*REQUIREMENT*
Return all the lines below exactly as written. Drop every picture.

*GIVEN INFORMATION*
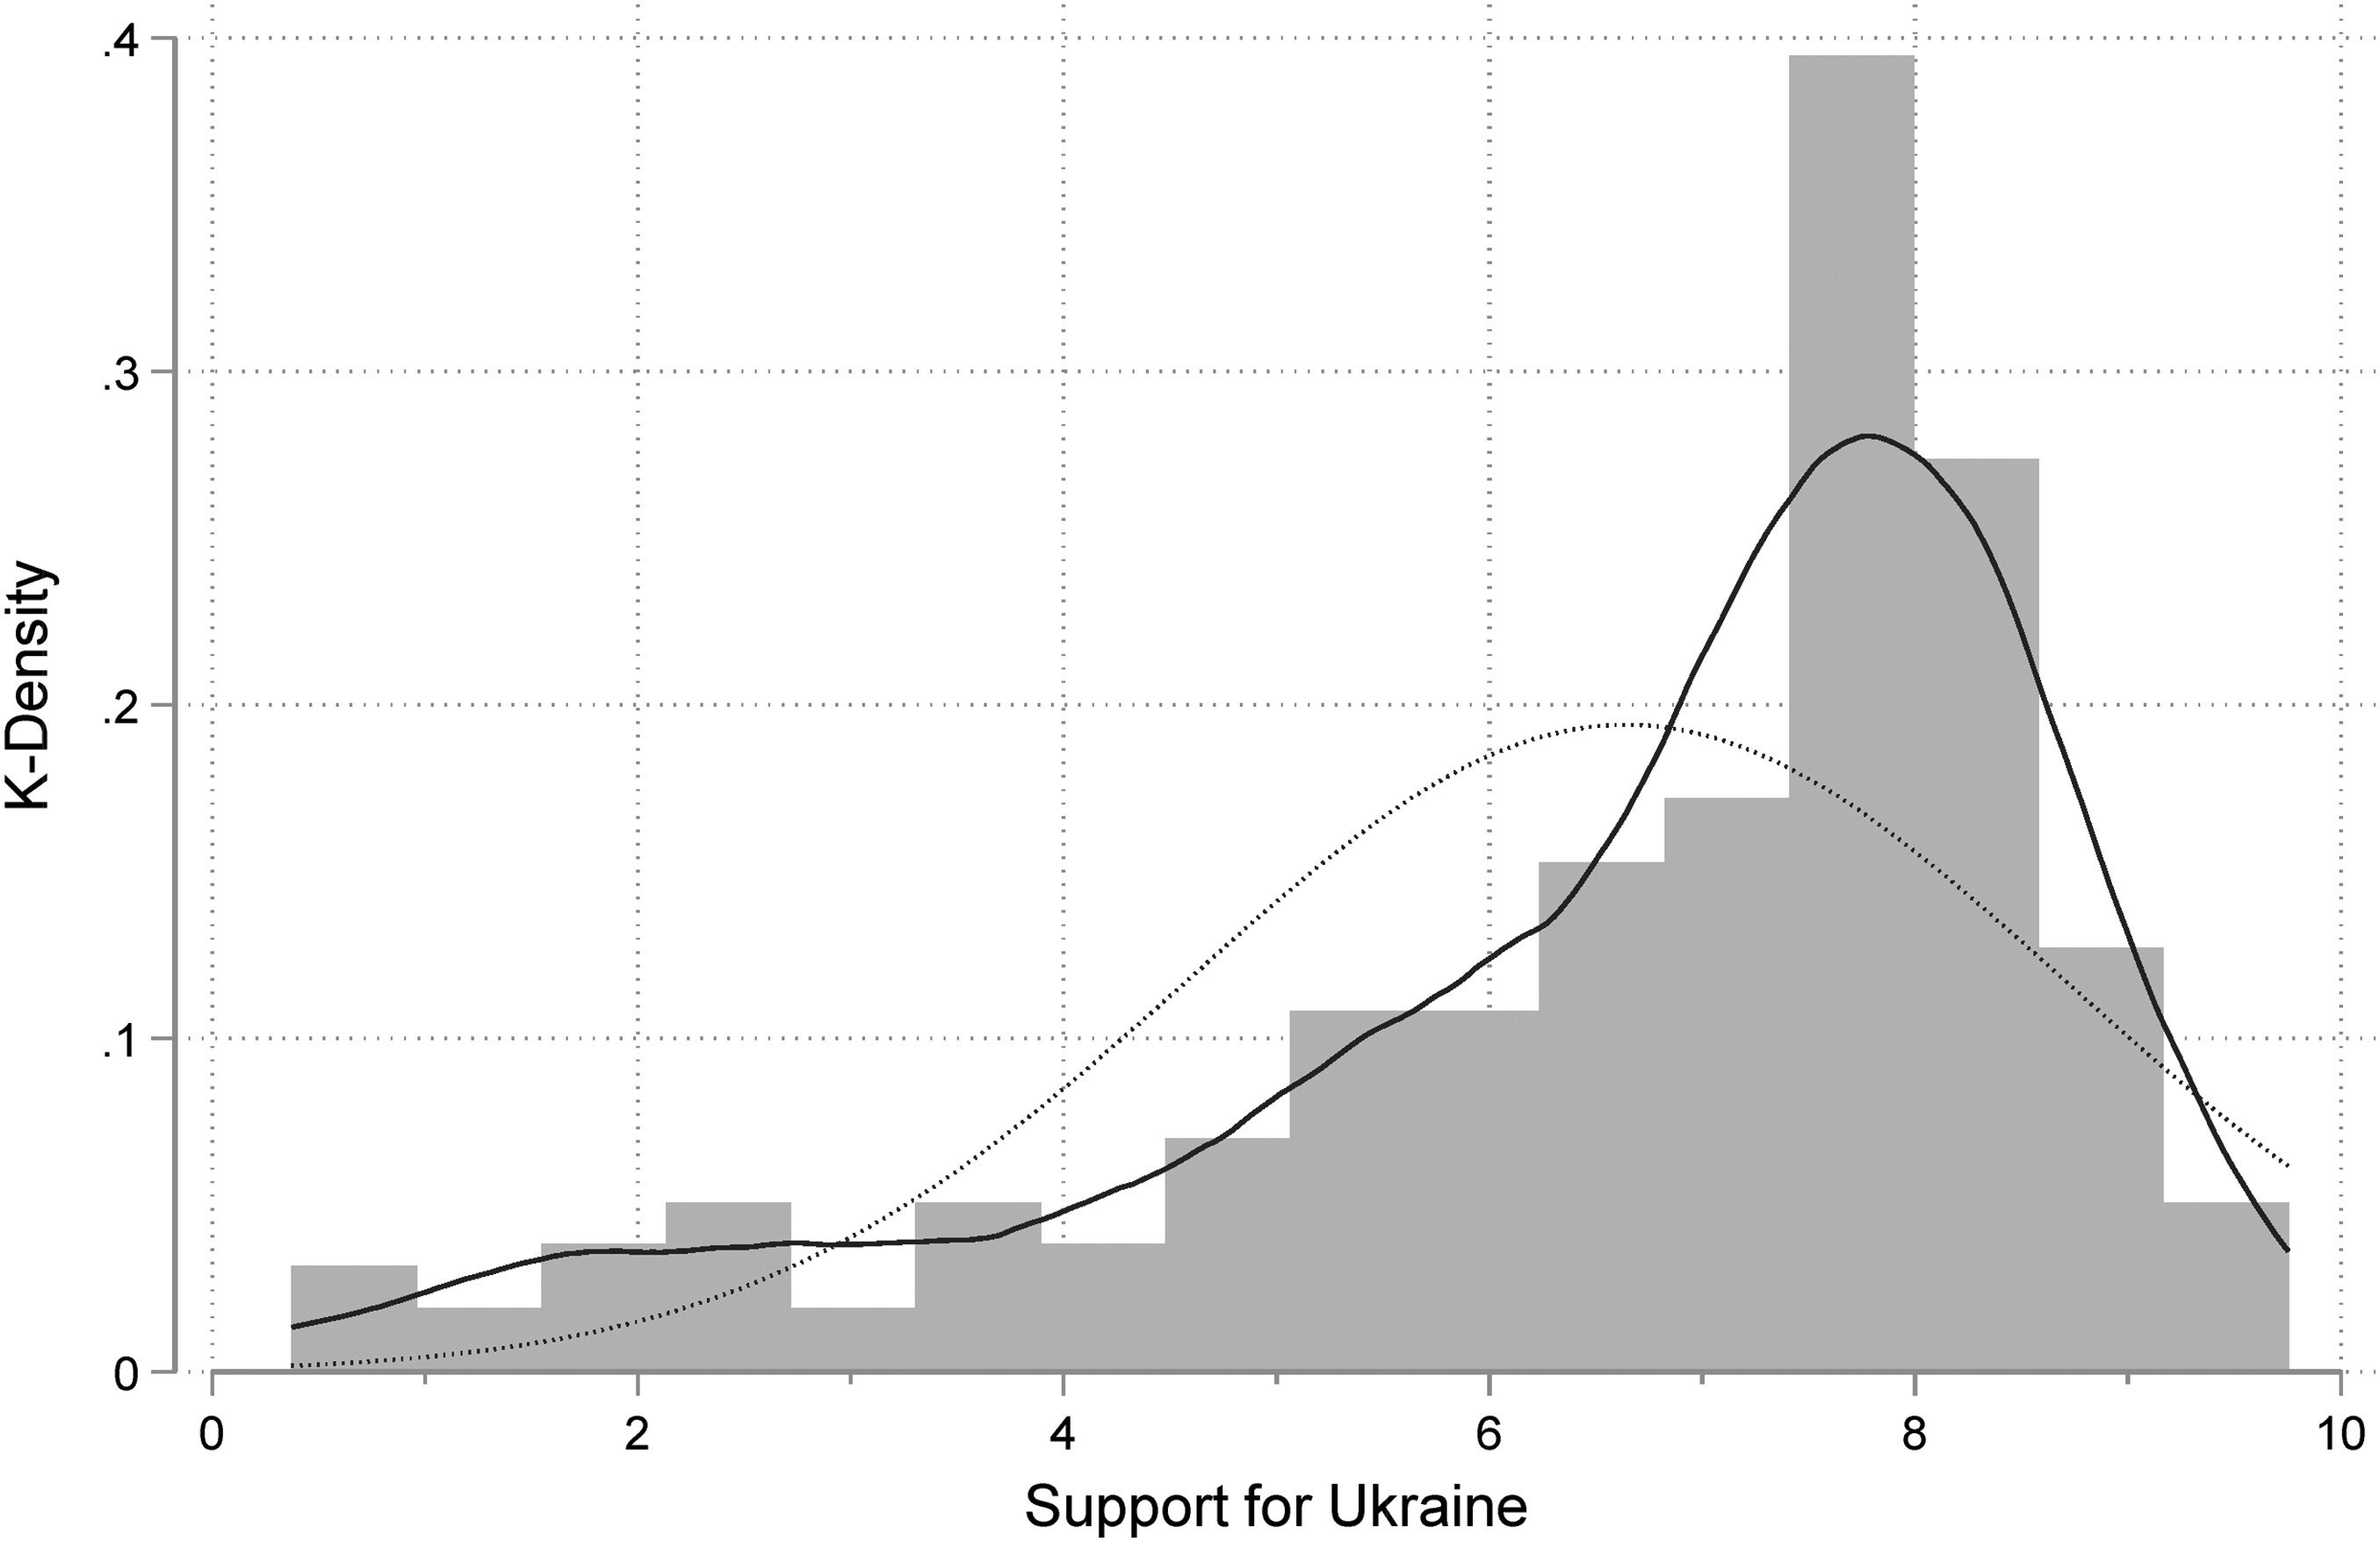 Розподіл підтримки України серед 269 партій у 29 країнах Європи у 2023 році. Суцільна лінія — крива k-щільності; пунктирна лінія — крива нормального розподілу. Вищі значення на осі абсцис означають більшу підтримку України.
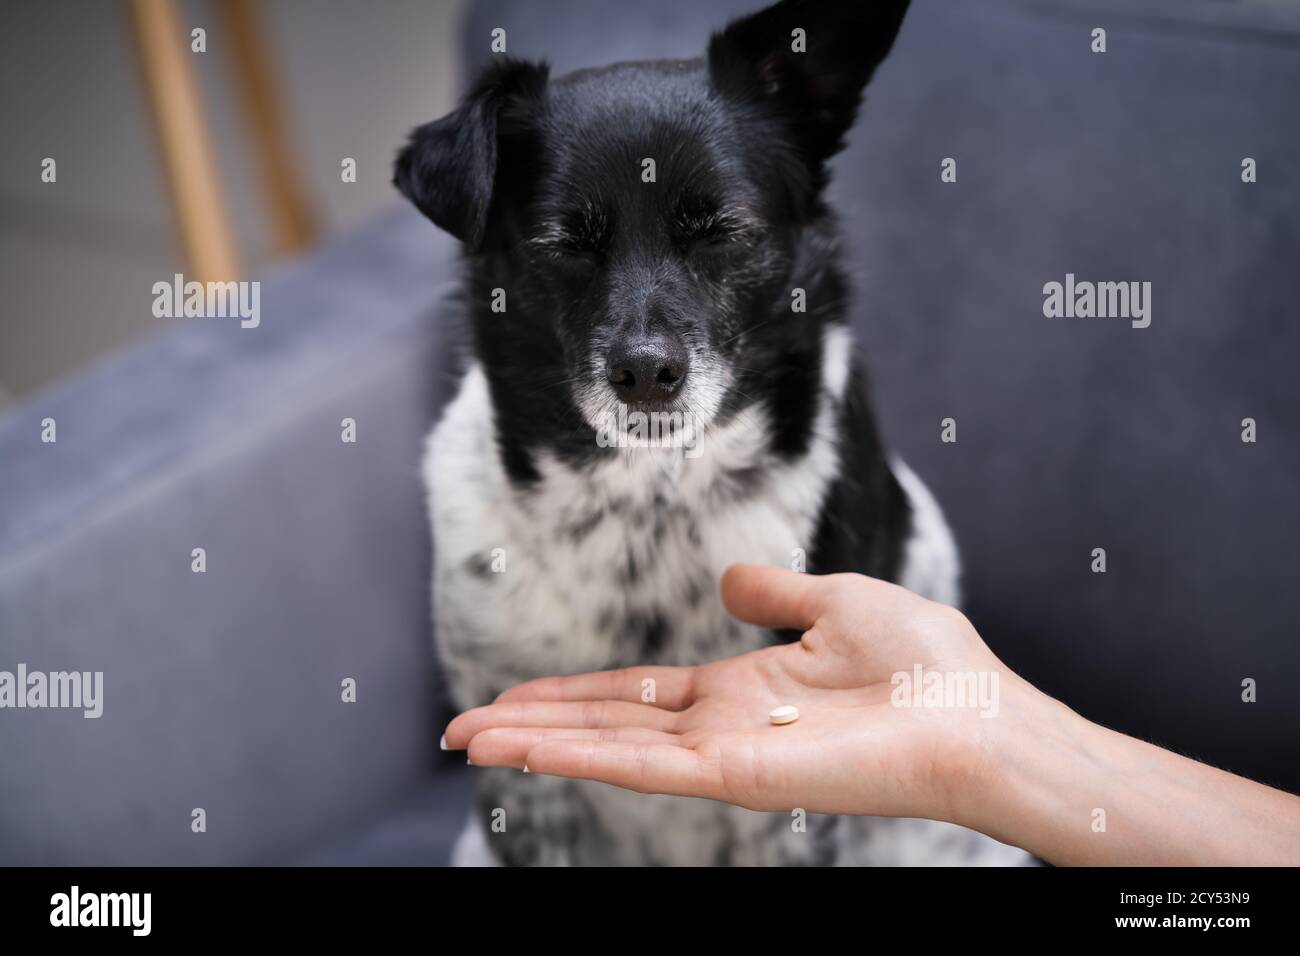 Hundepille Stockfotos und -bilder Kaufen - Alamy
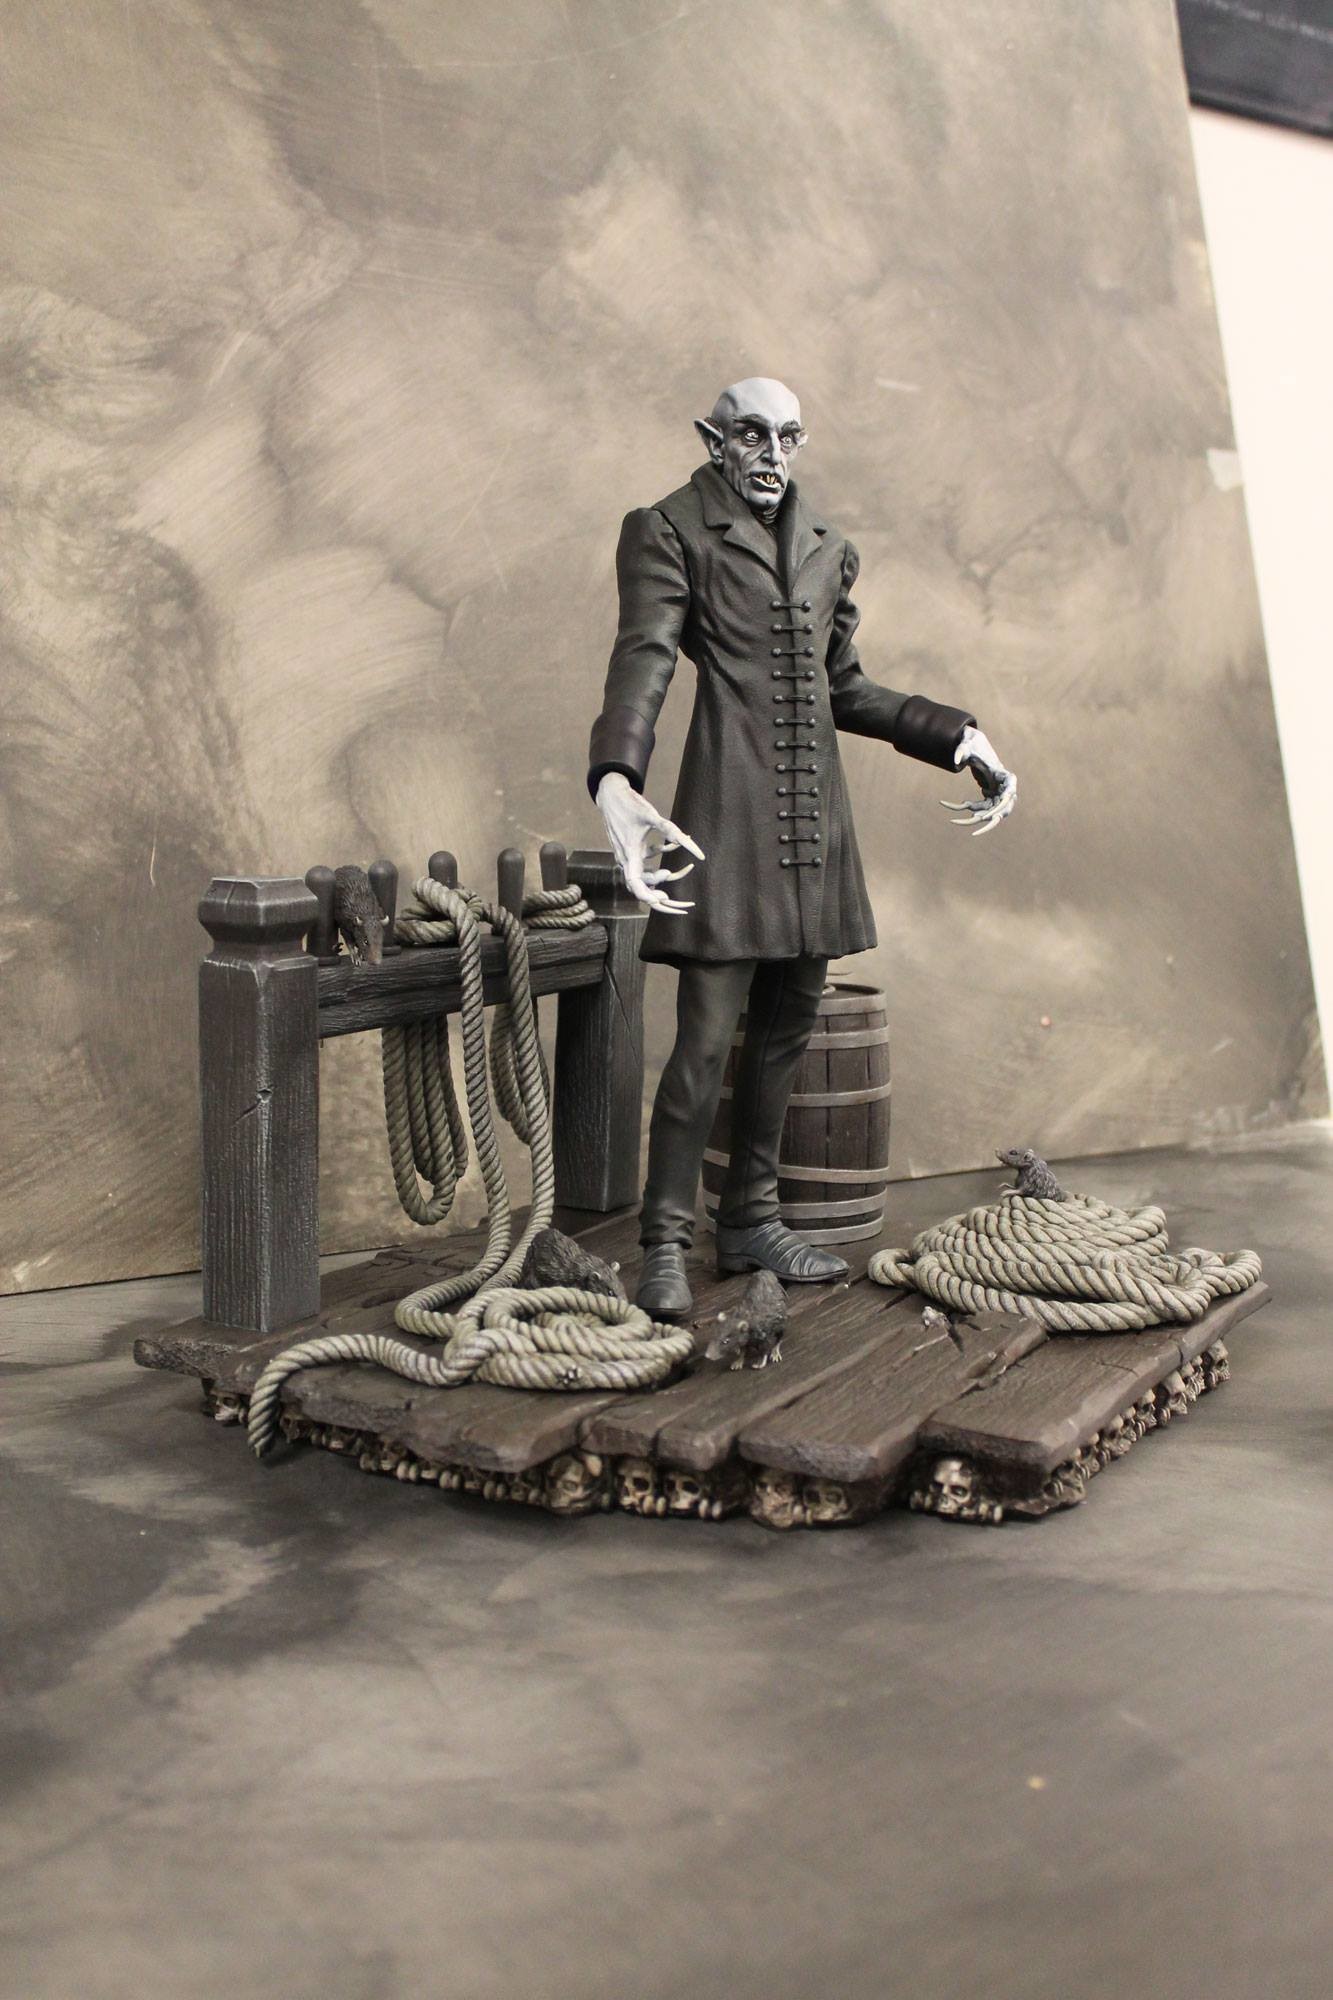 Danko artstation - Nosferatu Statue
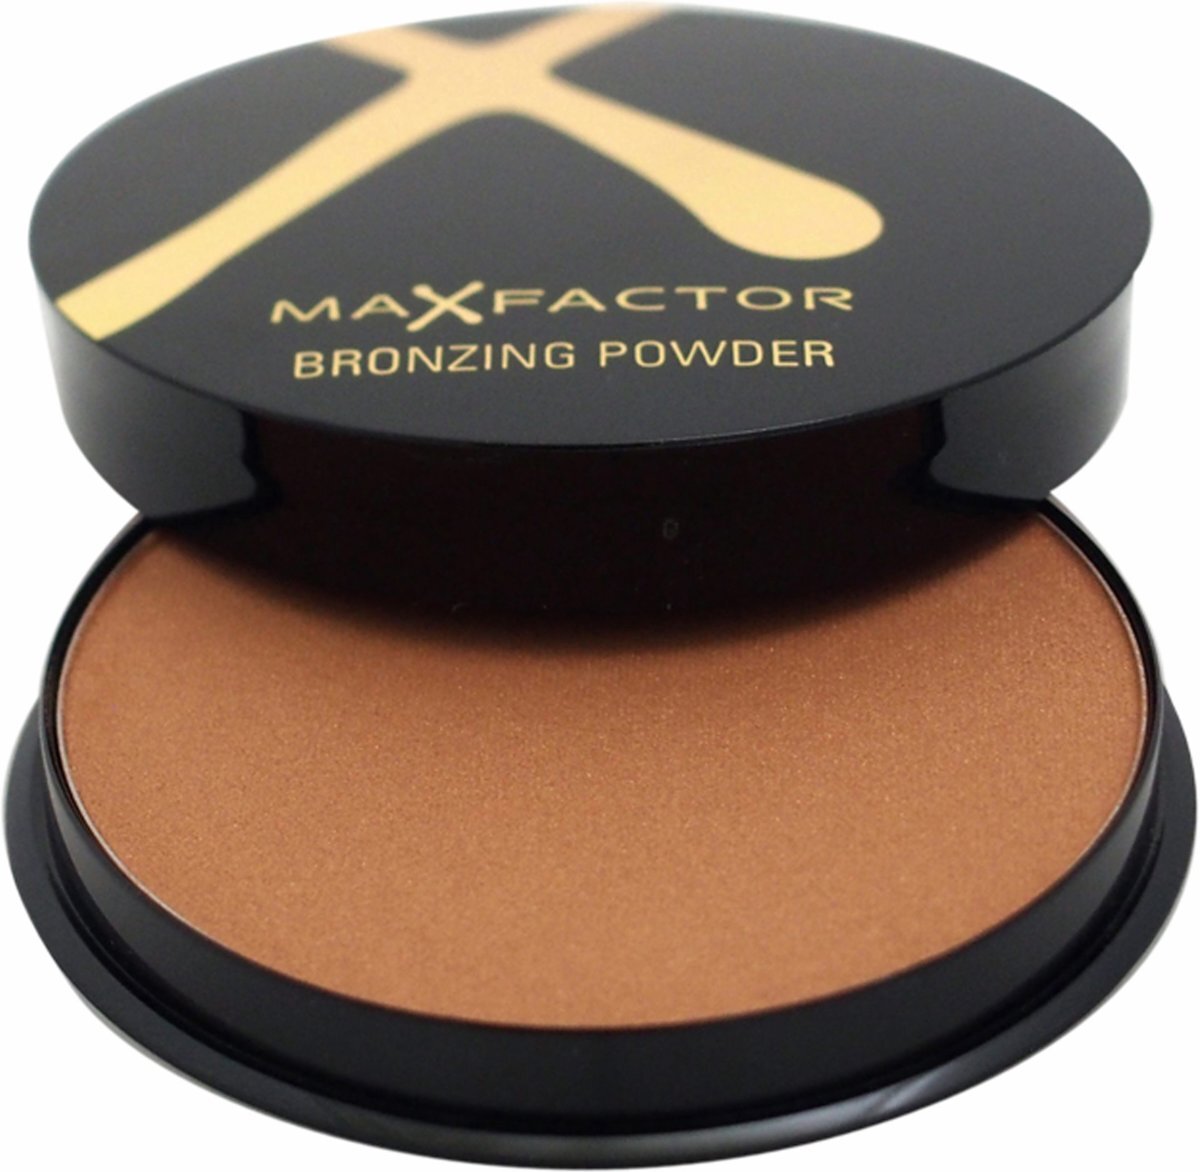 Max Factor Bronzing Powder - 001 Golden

*OUTPUT FOR THIS EXERCISE*
 Розподіл підтримки України серед 269 партій у 29 країнах Європи у 2023 році. Суцільна лінія — крива k-щільності; пунктирна лінія — крива нормального розподілу. Вищі значення на осі абсцис означають більшу підтримку України.
 Hundepille Stockfotos und -bilder Kaufen - Alamy
 Danko artstation - Nosferatu Statue
 Max Factor Bronzing Powder - 001 Golden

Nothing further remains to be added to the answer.